# Who would you invite to dinner and why?



## creative

If you could invite anyone you admire (living or dead) to dinner, who would it be and why? 
(Not necessarily on the same night!)

1.  *Jesus*....just to be in his presence and feel his love radiating (I am not religious by the way)

2. *Bill Hicks* - a comic pioneer/maverick who inspired me to get into stand up comedy, i.e. that you can make people think and laugh.  (He can be a bit overly aggressive for me but that's his passion coming through.  He keeps it real!  )

3. *Oscar Wilde *- I adore his wit and deserved arrogance.  (Unfortunately he had a somewhat low opinion of women though...not sure if that is more to do with the era he lived in - women seen as domestically focused - and/or to do with his homosexuality).


----------



## Mad Cook

Who to invite to dinner?

1. The Queen (ours) so she can see, in real life, how the other half live and so she can come along and bring her slippers and just be comfortable without having to smile and ask questions and look interested in the boring replies. She might enjoy having the chance to talk about herself for a change.

2. David Niven - Had me crying with laughter when he appeared on a chat show talking about his experiences in Hollywood and when he read "The Moon's a Balloon" on the radio.

3,. Vera Brittain - author of "Testament of Youth" and other books because she was such an amazing woman.
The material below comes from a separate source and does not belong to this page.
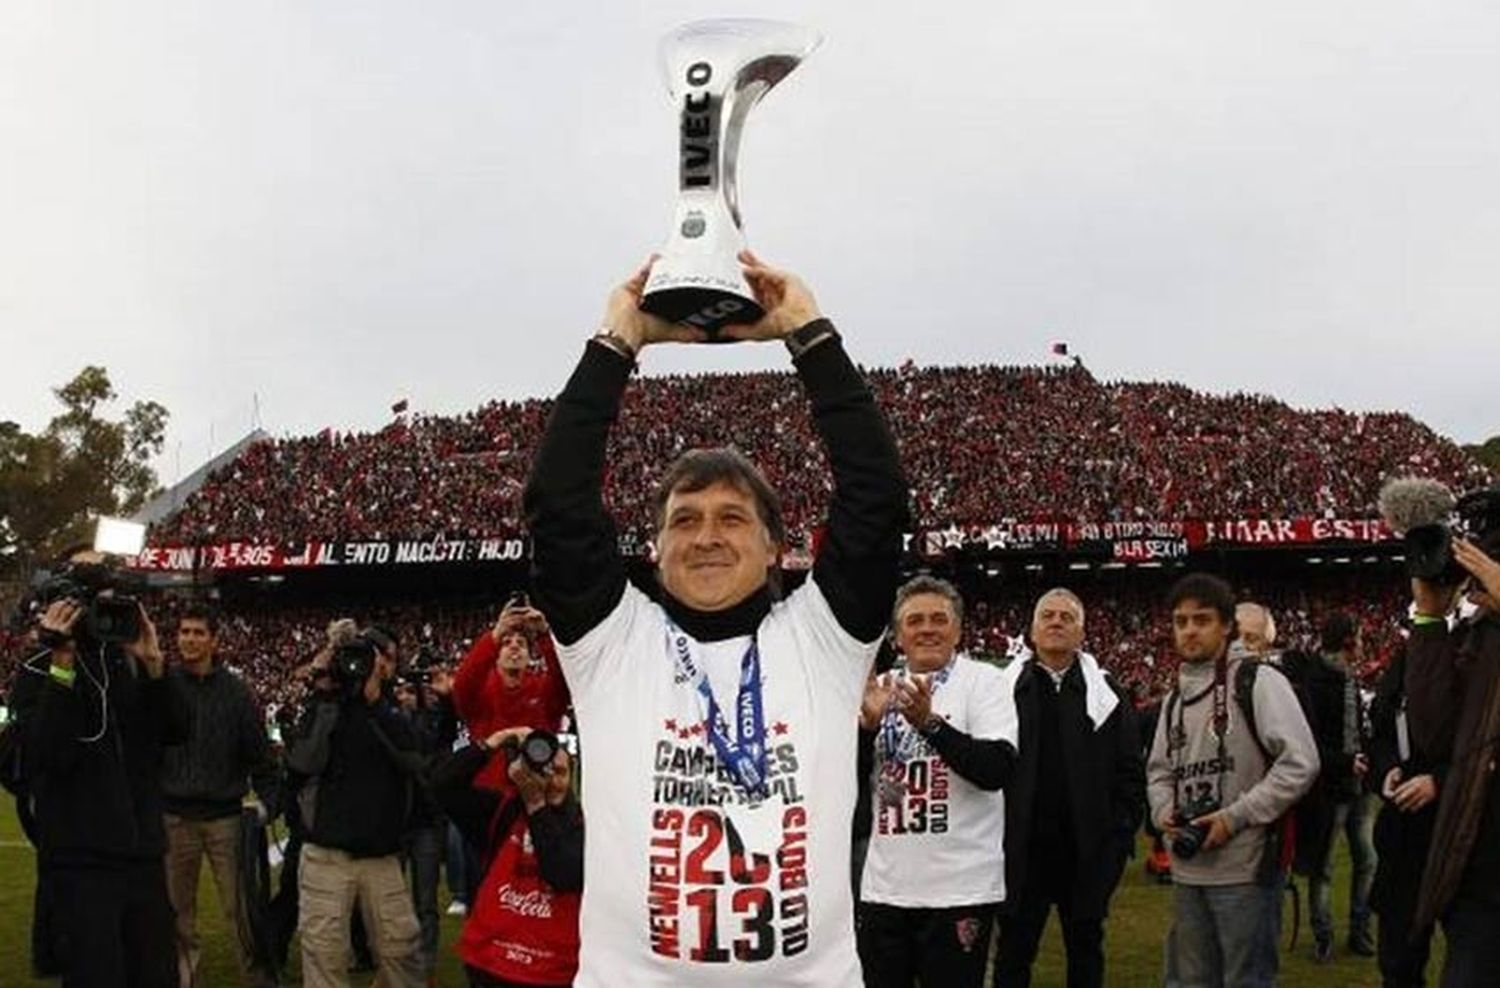 “El campeonato 2013 fue el logro más importante de mi carrera”, aseguró el Tata Martino a 7 años del título con Newell’s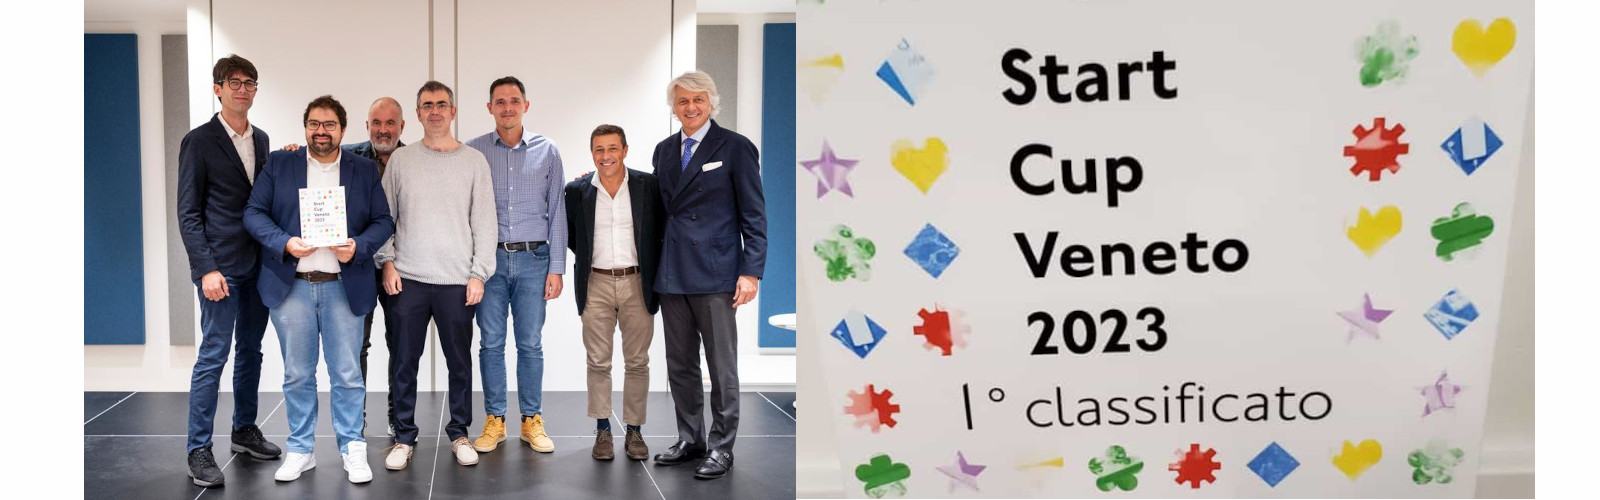 Asteasier dell'Università di Verona vince la Start Cup Veneto

She was on Hitler's famous blacklist of people to be arrested and sent to concentration camps when Britain was invaded


----------



## Andy M.

My mom, my aunt and uncle and my ex's dad.

They are all people whom I love and admire and miss a great deal.


----------



## Aunt Bea

I'm with Andy, a few old friends and family members that meant a great deal to me.

I would ask a couple of them to bring a dish to pass!


----------



## Cooking Goddess

Like Andy And AB, I'd like family around. Mom and Dad are welcome to join us any night - I'll even polish up Mom's old silver. Hmm, maybe I'll start using it for just us.

If someone famous would like to join us, my request is for Thomas Jefferson. An original foodie. He's welcome to bring Ben Franklin - I bet he was a lot of fun.


----------



## Cheryl J

Didn't even have to think about it - my mom and dad.    Mom's been gone for 3 years, and dad for 14.  I still think about them every day and wish they were here to share cooking experiences with me.


----------



## Kayelle

Oh yes, nobody famous interests me at all, and I wouldn't interest them either.  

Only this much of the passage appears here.